That's a unfair question that has multiple overlapping answers.
Especially since I never said subclassing bool is the 'only' solution; I 
have indicated it's a far better solution than many.

So -- I'll just walk you through my thought processes and you will see 
what I consider problems:

Start with the concept that as an engineer, I have spent well over 
twenty years on and off dealing with boolean values that are very often 
mixed indistinguishably with 'don't care' or 'tri-state' or 'metastable 
states'.   A metastable state *is* going to be True or False once the 
metastability resolves by some condition of measurement/timing/etc.; but 
that value can not be known in advance.   eg: similar to the idea that 
there is early and late binding in programming.... Sometimes there is a 
very good reason to delay making a final decision until the last 
possible moment; and it is good to have a default value defined if no 
decision is made at all.

So -- From my perspective, Guido making Python go from an open ended and 
permissive use of anything goes as a return value that can handle 
metastable states -- into to a historical version of 'logic' being 
having *only* two values in a very puritanical sense, is rather -- well 
-- disappointing.  It makes me wonder -- what hit the fan?!  Is it 
lemmings syndrome ? a fight ? no idea....  and is there any hope of 
recovery or a work around ?

eg: To me -- (as an engineer) undefined *IS* equivalent in useage to an 
acutal logic value, just as infinity is a floating point value that is 
returned as a 'float'.  You COULD/CAN separate the two values from each 
other -- but always with penalties.  They generally share an OOP 'is' 
relationship with respect to how and when they are used. (inf) 'IS' a 
float value and -- uncertain -- 'IS' a logic value.

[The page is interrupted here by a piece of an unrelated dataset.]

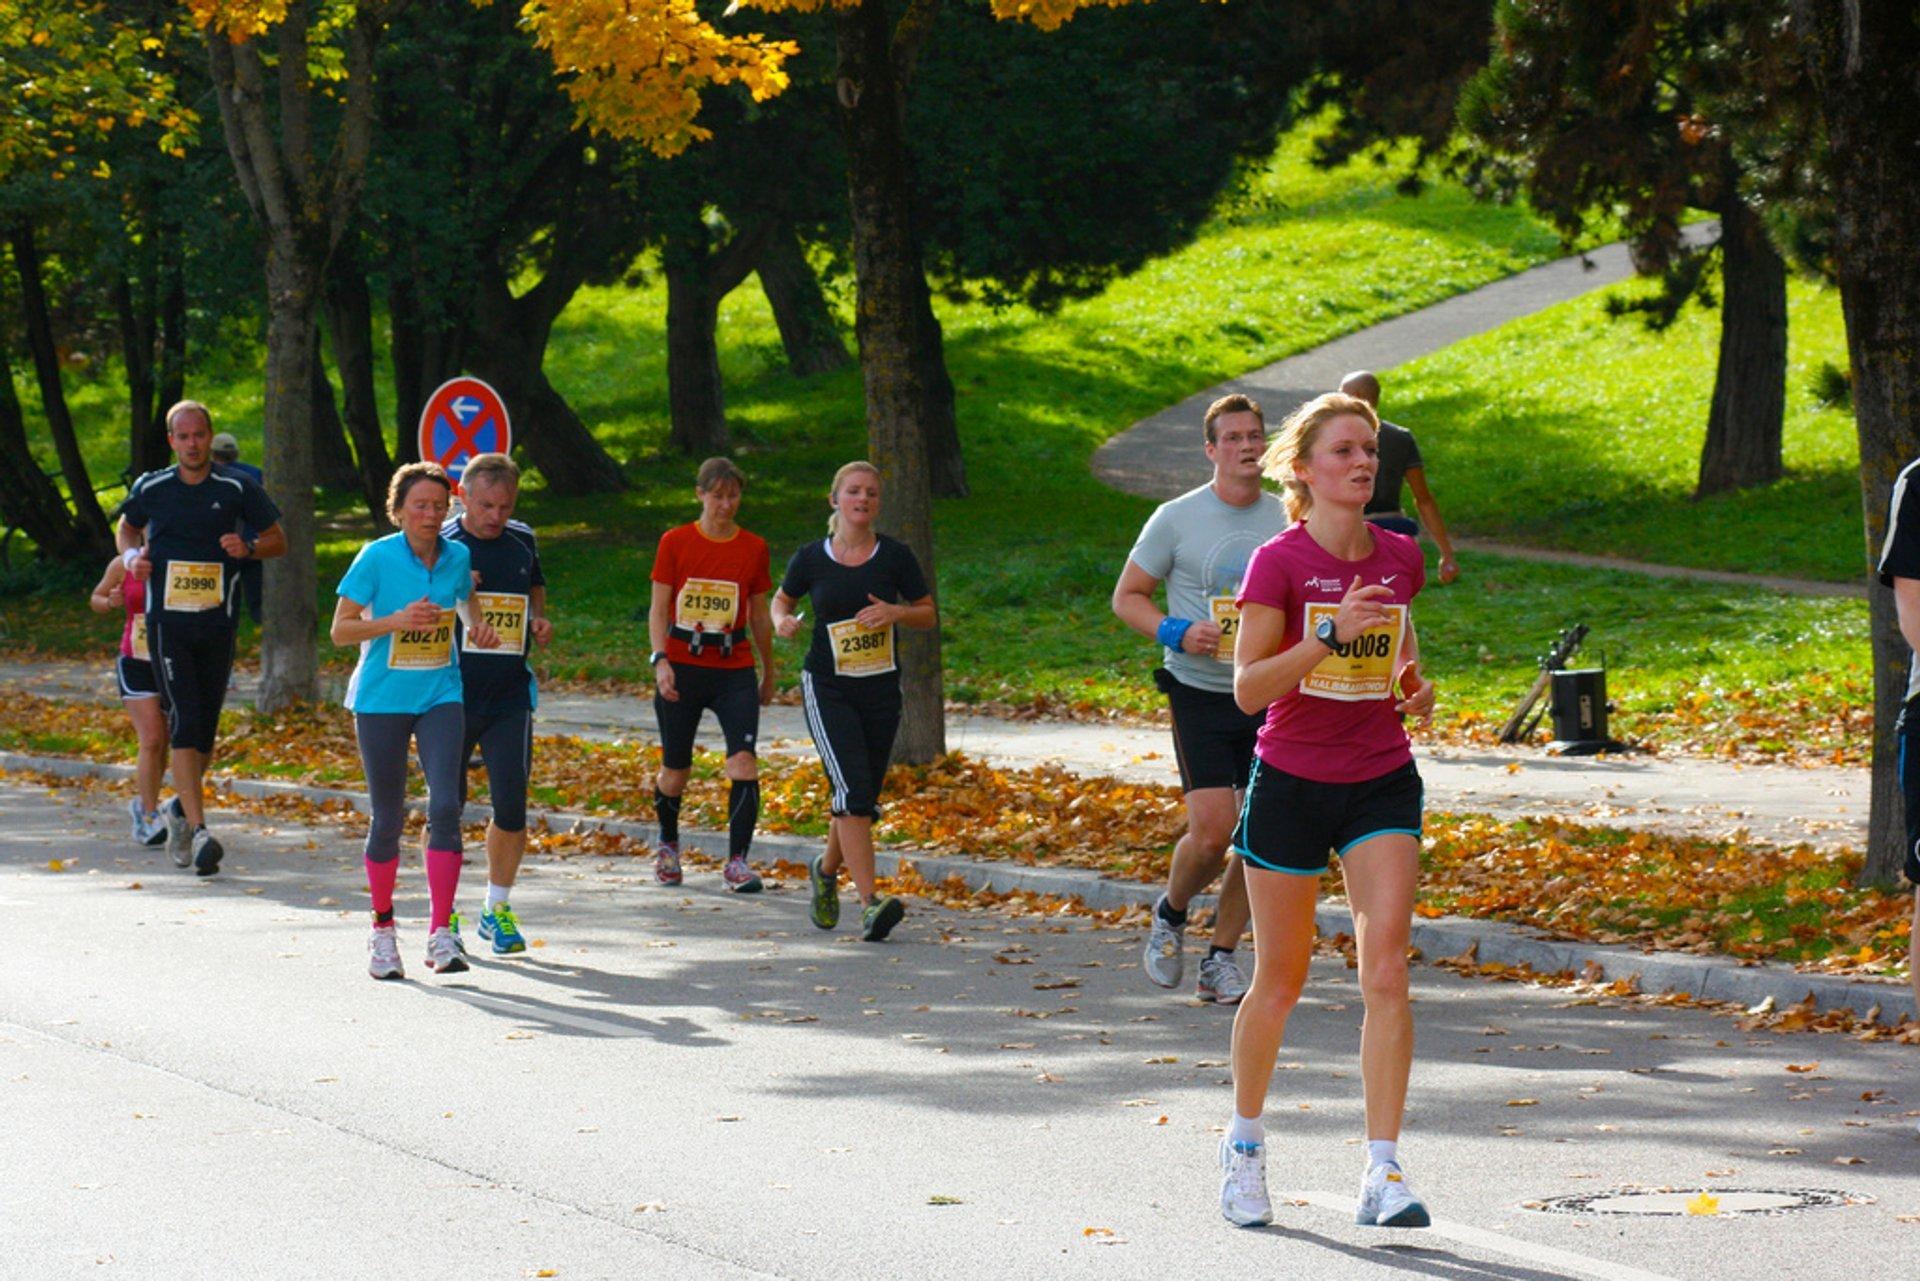 Munich Marathon in Munich - Best Season 2020

That is why I automatically thought before I ever started writing on 
this list (and you are challenging me to change...) -- that 'uncertain' 
should share the same type (or at least subtype) as Bool.  
Mathematicians can argue all they want that 'infinity' is not a float 
value, and uncertain is not a True or False.  And they are/will be 
technically right -- But as a practical matter -- I think programmers 
have demonstrated over the years that good code can handle 'infinity' 
most efficiently by considering it a value rather than an exception.  
And I think the same kind of considerations very very likely apply to 
Truth values returned from comparisons found in statistics, quantum 
mechanics, computer logic design, and several other fields that I am 
less familiar with.

So -- let's look at the examples you gave:

> - don't use True and False at all, create your own multi-valued
>    truth values ReallyTrue, MaybeTrue, SittingOnTheFence, ProbablyFalse,
>    CertainlyFalse (or whatever names you choose to give them);
>
OK.  So -- what do I think about when I see your suggestion:

First I need to note where my booleans come from -- although I've never 
called it multi-valued logic... so jargon drift is an issue... though 
you're not wrong, please note the idea of muti-value is mildly misleading.

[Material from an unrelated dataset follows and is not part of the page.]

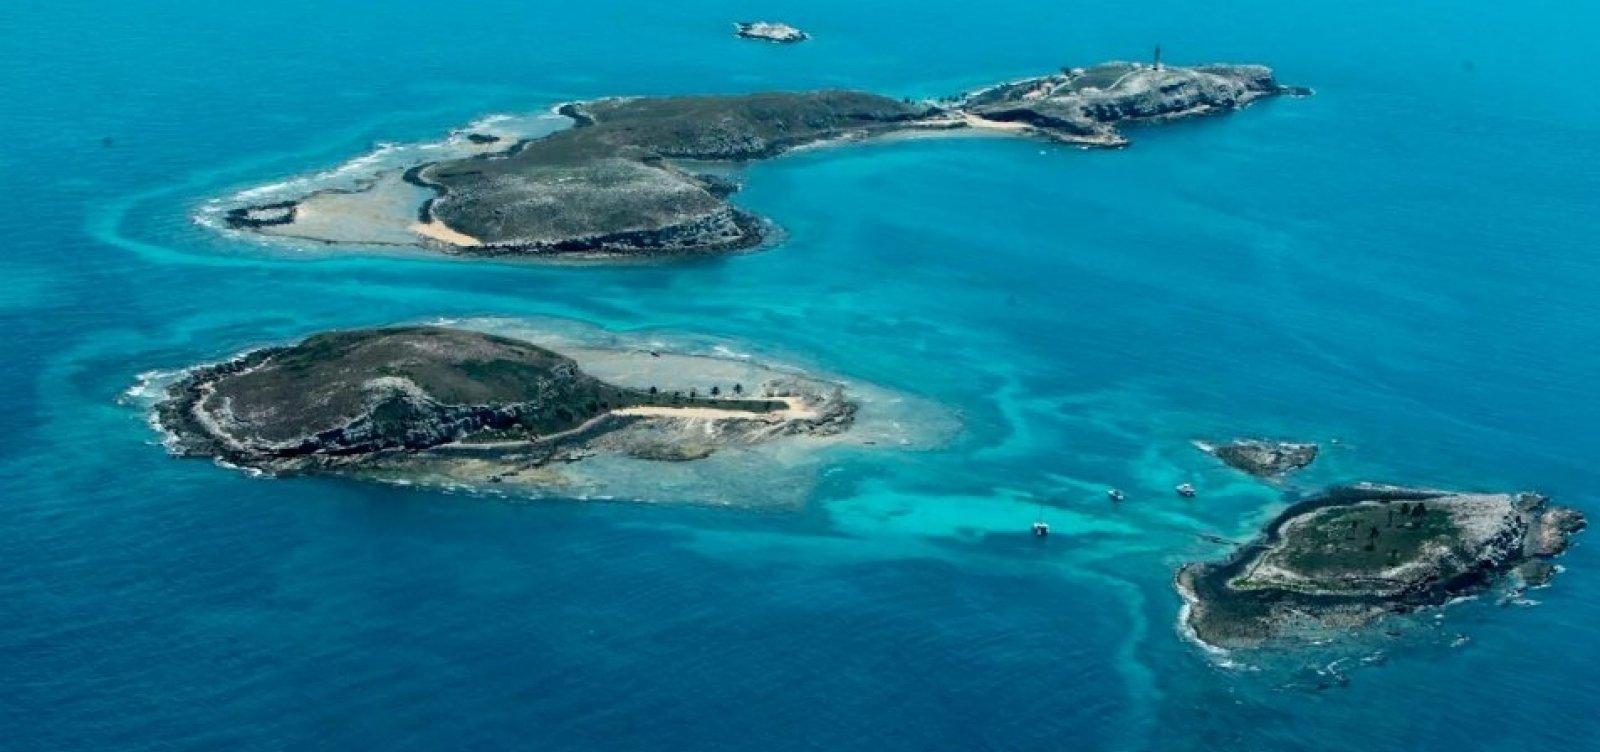 Com redução de manchas de óleo, Parque Nacional de Abrolhos é reaberto

The return values I'm concerned about come from a decimal value after a 
comparison with another decimal value.
eg:

a = magicFloat( '2.15623423423(1)' )
b = magicFloat('3()')

myTruthObject = a>b

Then I look at python development historically and look at the built in 
class's return values for compares; and I notice; they have over time 
become more and more tied to the 'type' bool.  I expect sometime in the 
future that python may implement an actual type check on all comparison 
operators so they can not be used to return anything but a bool.  (eg:  
I already noticed a type check on the return value of len() so that I 
can't return infinity, even when a method clearly is returning an 
infinitely long iterator -- such as a method computing PI dynamically.  
That suggests to me that there is significant risk in python of having 
type checking on all __xx__ methods in the future. )  This inspection is 
what points me foremost to saying that very likely, I am going to want a 
bool or subtye of it (if possible) as a return type as self defense 
against future changes in Python -- although at present, I can still get 
away with returning other types if bool turns out to be impossible.

Next, I notice that for compatibility it *is* very desirable that I use 
the existing '>' operator,  because programmers generally want to be 
able to use '>' when they are testing greater than -- and in legacy code 
I expect people have exclusively done so -- and I know from past 
experience that programmers in general will not be happy with typing 
'a.greaterThan(b)' religiously. ( Extend my reasoning to all other 
comparison operators.)

It would be worse to use '>' and have it trigger an exception when a 
non-bool is encountered to force the programmer to attend to special 
metastable states differently; because then the programmer has to write 
a compete set of secondary handling routines or a 'try' statement around 
a very large number of lines of code and that makes for legacy code 
rewriting rather than minor upgrading...

It would also be bad to have my code have modal settings because I don't 
want to bother with thread information or have programmers consider 
thread issues unless it's a last resort; although that's the approach 
used by the Decimal class and other examples I have seen.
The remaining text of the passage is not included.